Content starts

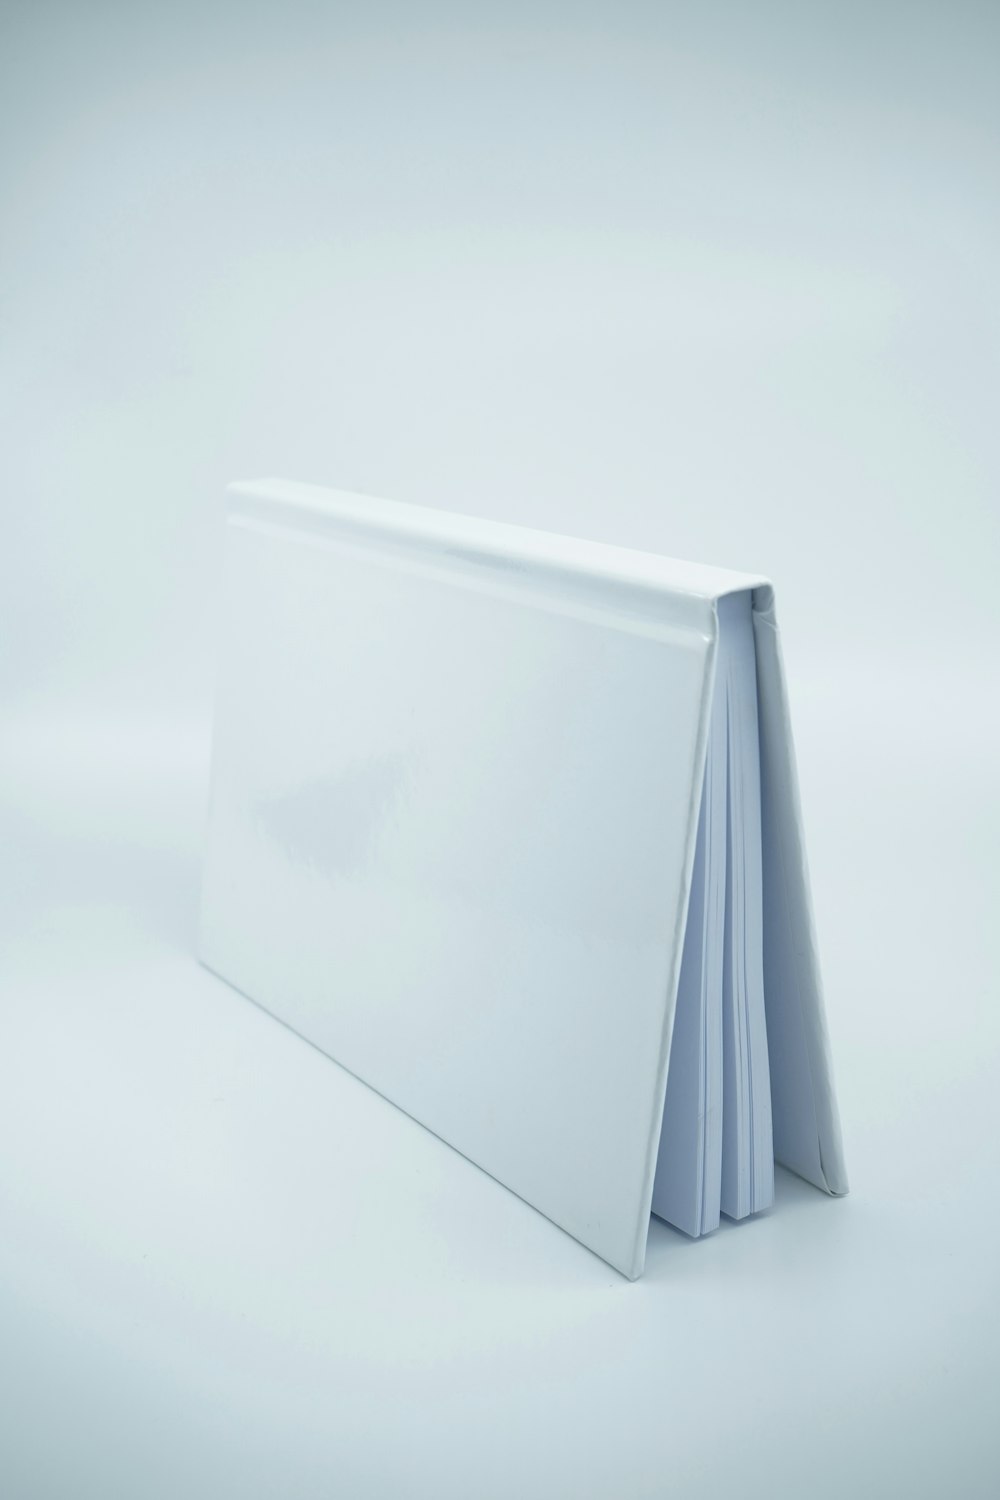 white paper on white surface
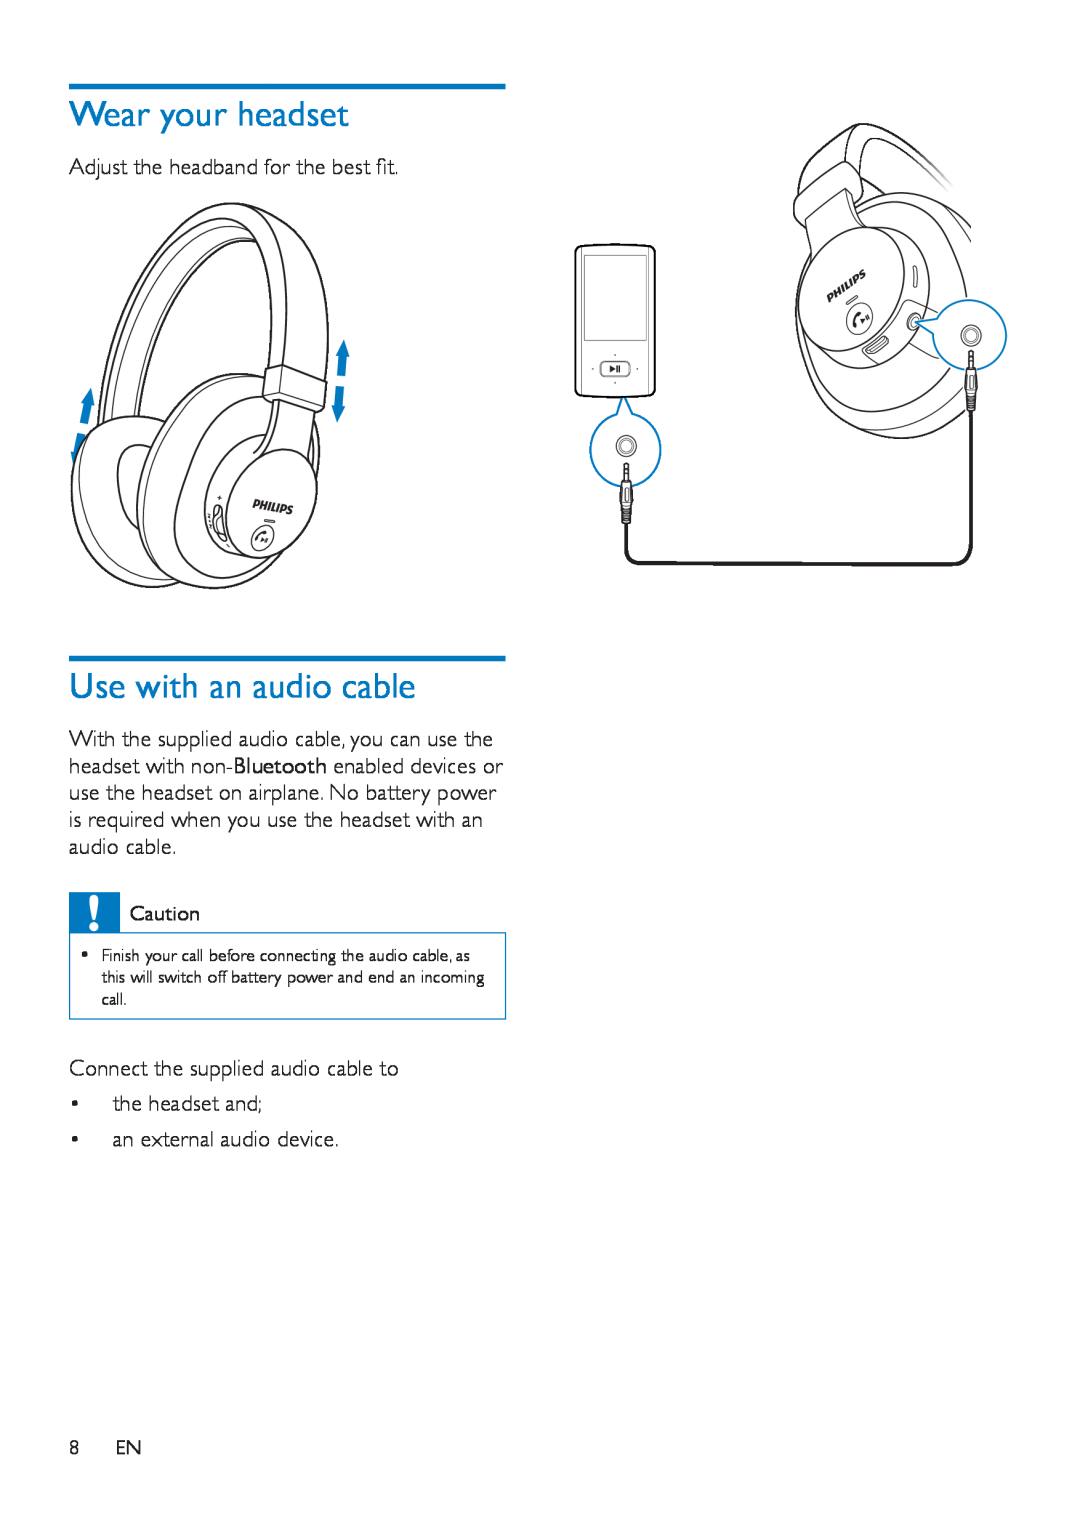 Philips SHB7000 user manual Wear your headset, Use with an audio cable, Adjust the headband for the best fit 
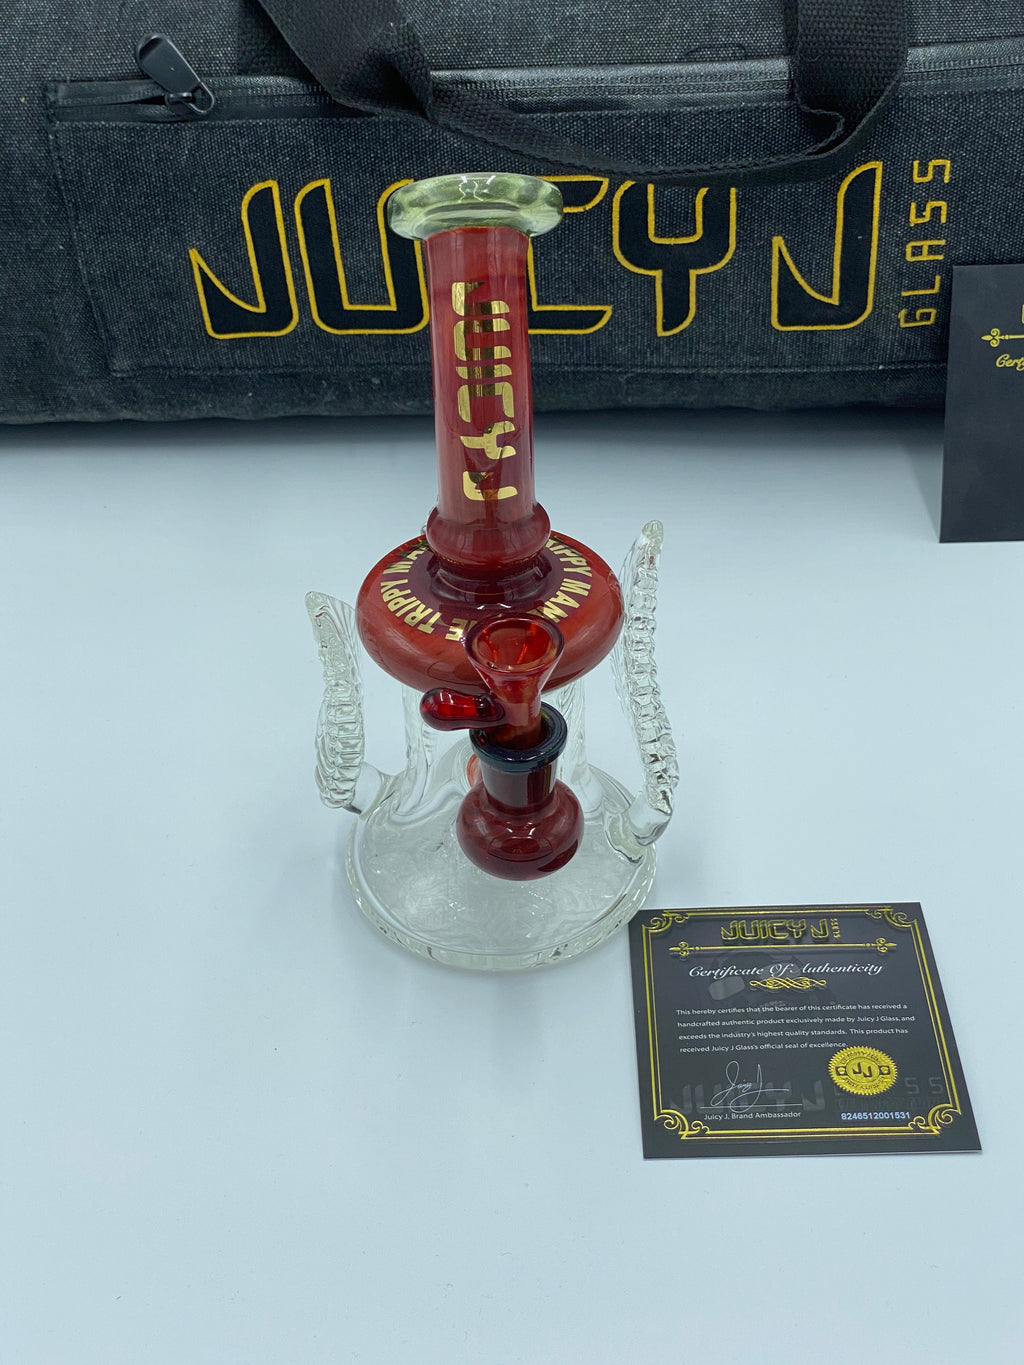 JUICY JAY LEAF RIG - Smoke Country - Land of the artistic glass blown bongs
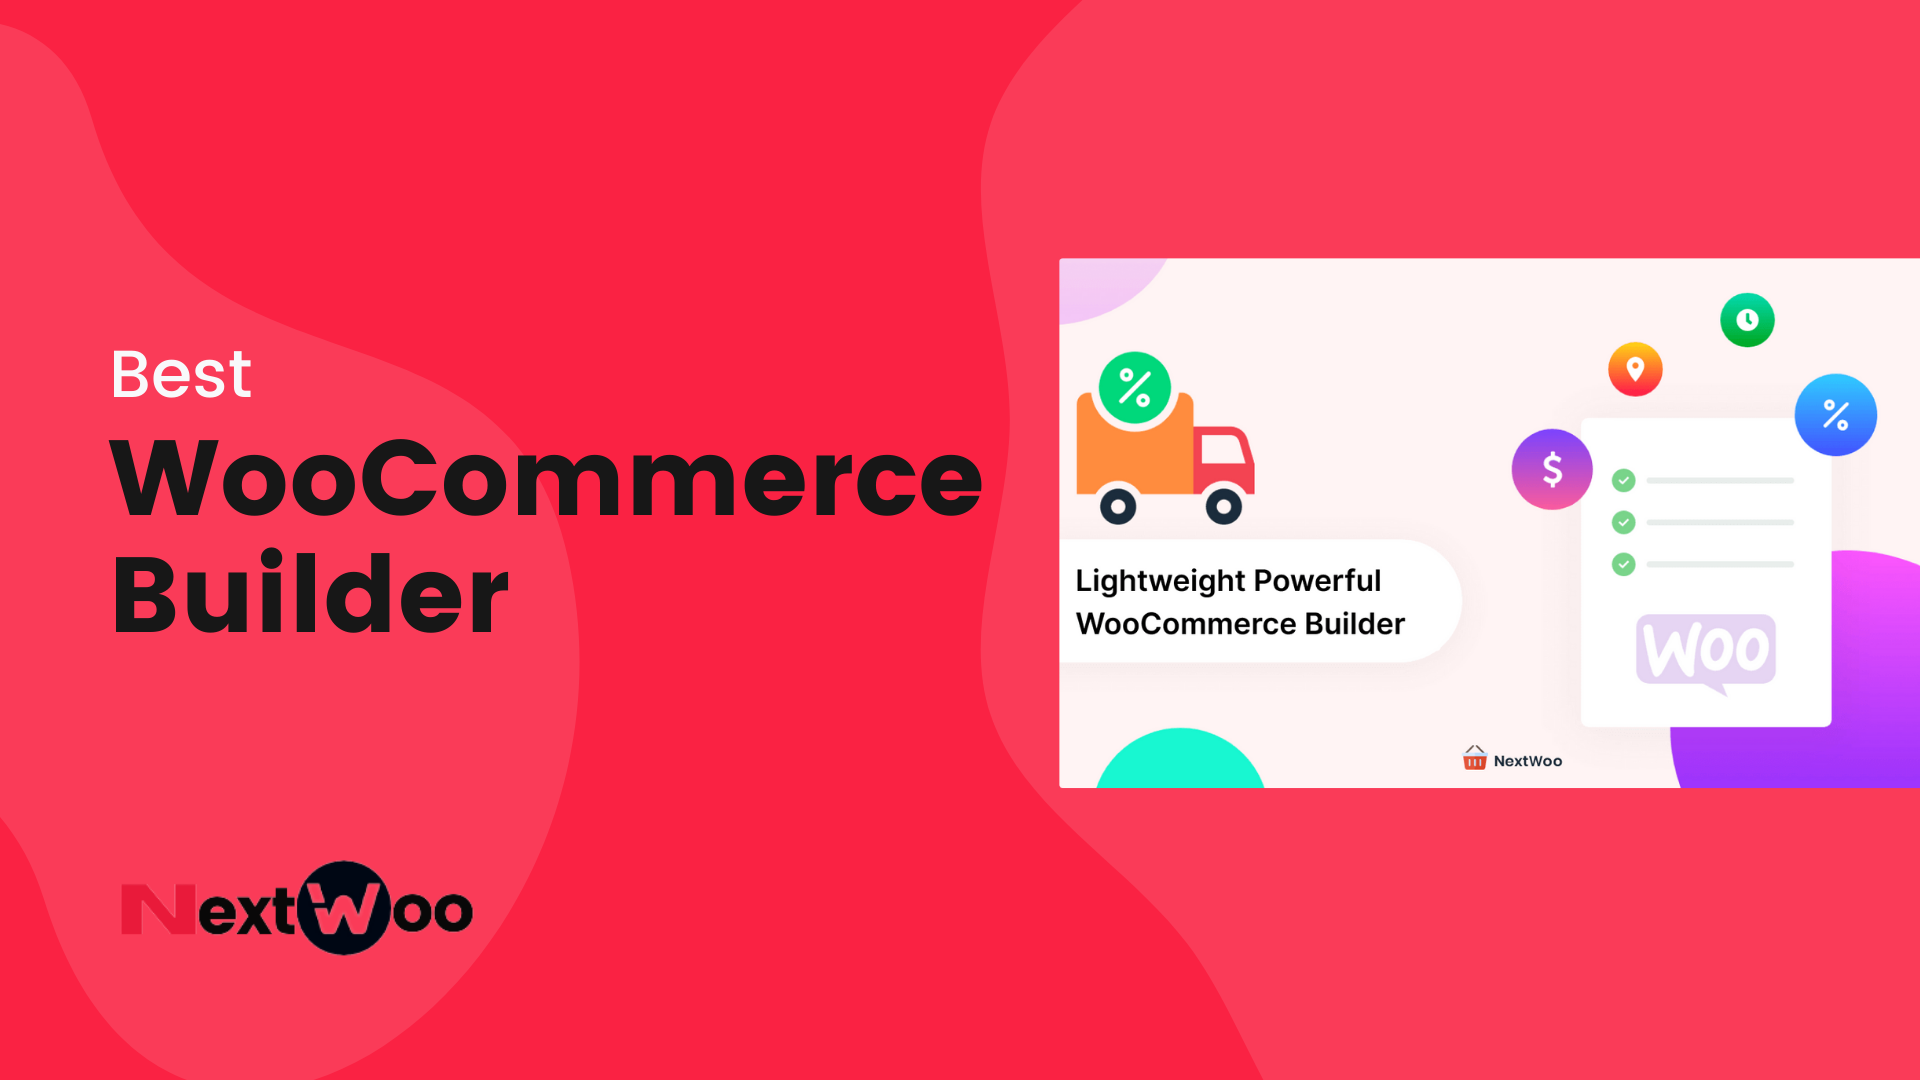 How to Choose the Best WooCommerce Builder

Content ends

▸ Try it: From the data above, write out everything exactly except the pictures.

▸ Response below:
 white paper on white surface
 Philips SHB7000 user manual Wear your headset, Use with an audio cable, Adjust the headband for the best fit 
 JUICY JAY LEAF RIG - Smoke Country - Land of the artistic glass blown bongs
 How to Choose the Best WooCommerce Builder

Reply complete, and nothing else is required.